# VLAN and Bridge - how is the situation on the host



## chrbr (Oct 11, 2022)

Dear community,
I am digging for information about VLAN and how to handle jails. As far as I understood a bridge is able to put different VLAN together and assign them to a network interface as em0 or others. The handbook https://docs.freebsd.org/en/books/handbook/advanced-networking/#network-bridging states In many respects, a bridge is like an Ethernet switch with very few ports. .

If the bridge is like a Ethernet switch there is only one line to the networking interface as em0 or so. On a Ethernet switch only one cable connects a router or other "uplink hardware". Then the host must be connected by a VLAN, too. On the other hand the bridge is located on the host and the host could directly access the networking interface.

What is the situation? Or are both options possible?

Thank you very much for your help in advance,
Christoph


----------



## SirDice (Oct 11, 2022)

A bridge(4) is a layer 2 connection. In it's most basic form it's indeed similar to a switch. 

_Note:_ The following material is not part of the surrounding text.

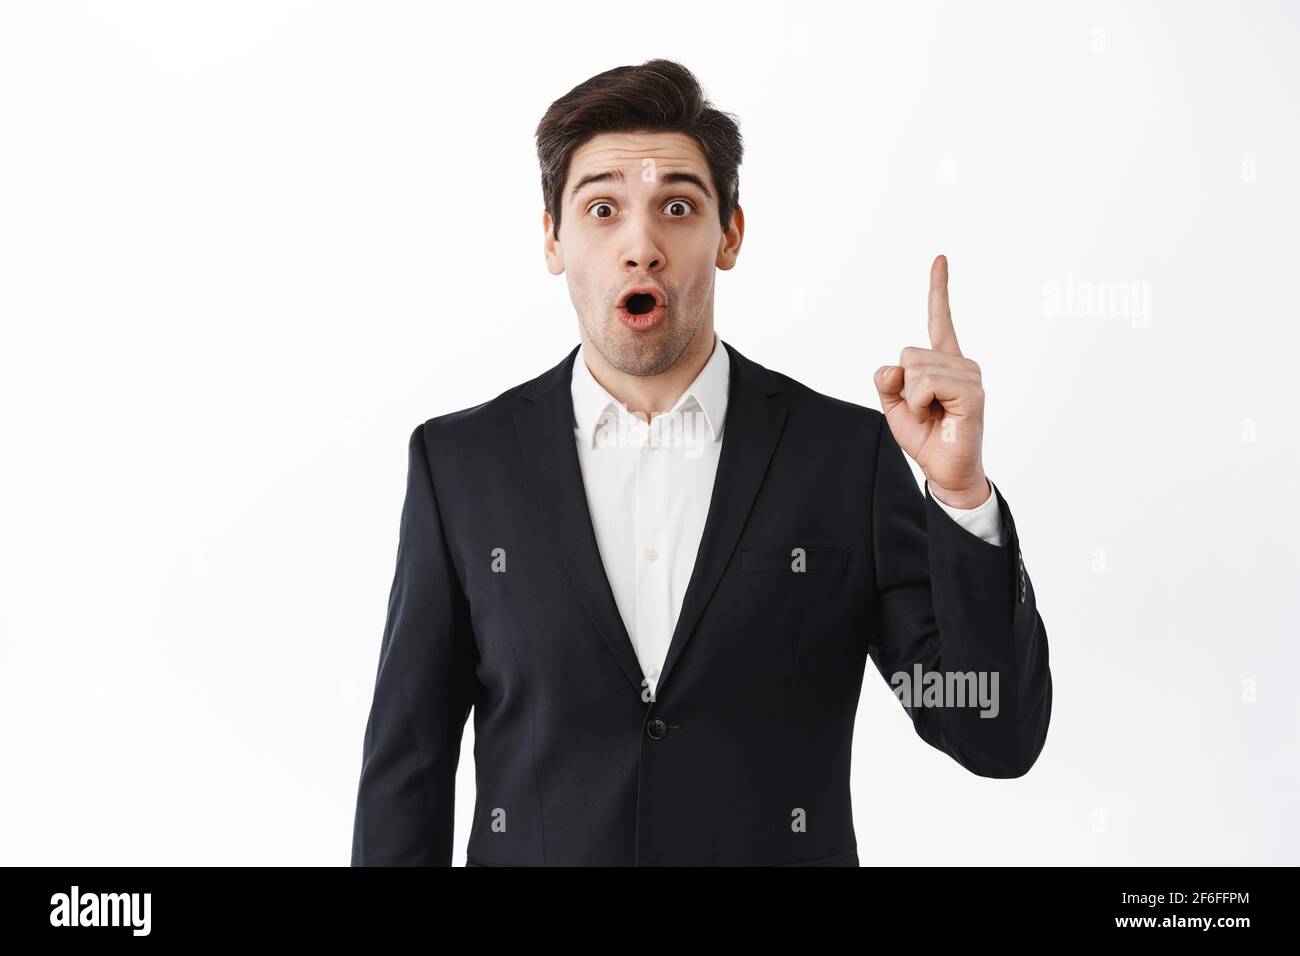 Surprised businessman pointing finger up and gasping amazed, say wow, stare excited at camera, standing in black suit against white studio background Stock Photo

There are several ways to deal with VLANs. You typically create a vlan(4) interface on the host and link that to your bridge. Then the traffic on the bridge will be the _untagged_ traffic of that VLAN. You could also pass all the _tagged_ VLANs on the bridge, connect your VMs or jails to that and do the vlan(4) interface on the jail or VM. 

Whatever you do you need to remember there's a difference between _tagged_ and _untagged_ traffic when dealing with VLANs. All the vlan(4) interface does is add/remove the VLAN header (with the corresponding VLAN ID) and pass the traffic.


----------